Once upon a time, I didn't think much about death.
I was young, and while there were of course disappointments, I had good grades, excellent health, and a bright future. I loved Jesus, and of course I knew that His death and resurrection were central to my faith, but I knew this in my head. My heart was focused on life - on the joy of being in God's presence, on what God was calling me to do for Him.
But then I lost a baby girl. And three and a half years later, I buried her sister.
Death is now part of my story. I cannot explain who I am without talking about those I have lost. I cannot explain who I am without talking about the parts of me that died along with my girls.
Easter matters more to me now. In my grief, it is often hard for me to stand in church and sing songs of worship. I don't always feel like rejoicing, and I struggle to join wholeheartedly in the songs we sing about God's goodness and faithfulness. But when we sing about the resurrection, something stirs deep inside me, and my voice becomes loud and strong.

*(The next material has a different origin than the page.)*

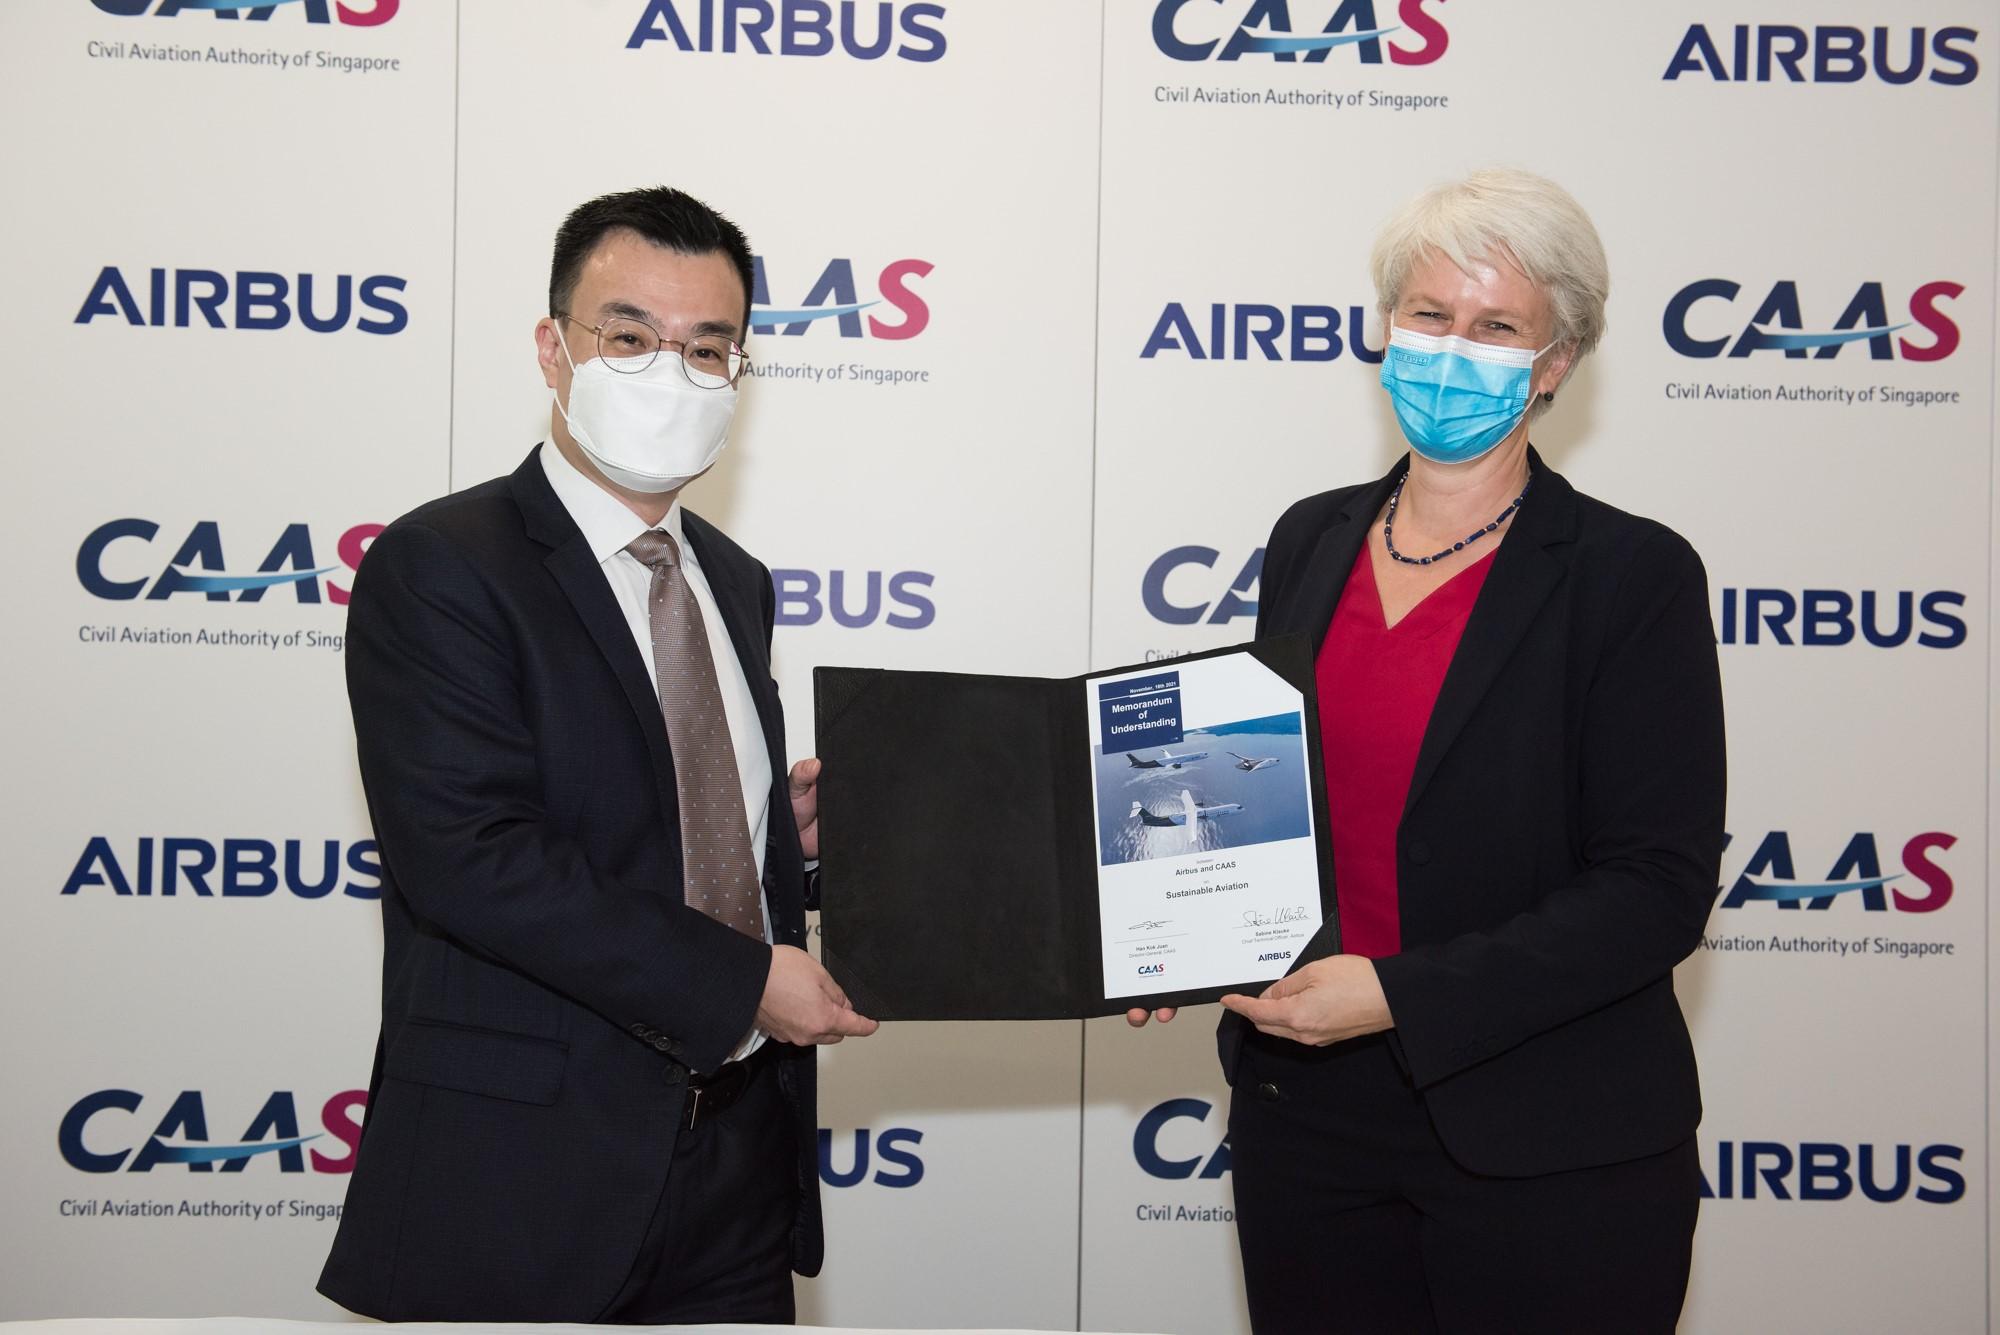 CAAS and Airbus collaborate

Christ has risen from the dead, trampling over death by death . . . Oh death! Where is your sting? Oh hell! Where is your victory? Oh Church! Come stand in the light! The glory of God has defeated the night! (Matt Maher, "Christ Is Risen").
I sing these words, and I picture Lily's grave. I think about the terrible emptiness of life without her and without Avaleen. And I think about Jesus on the cross and about the empty tomb.
And in these moments, when we are singing these words, I realize that in spite of all my doubts, I do believe in the risen Jesus.
I still feel the sting of death, but also I rejoice, more deeply than before, in the powerful beauty of the resurrection.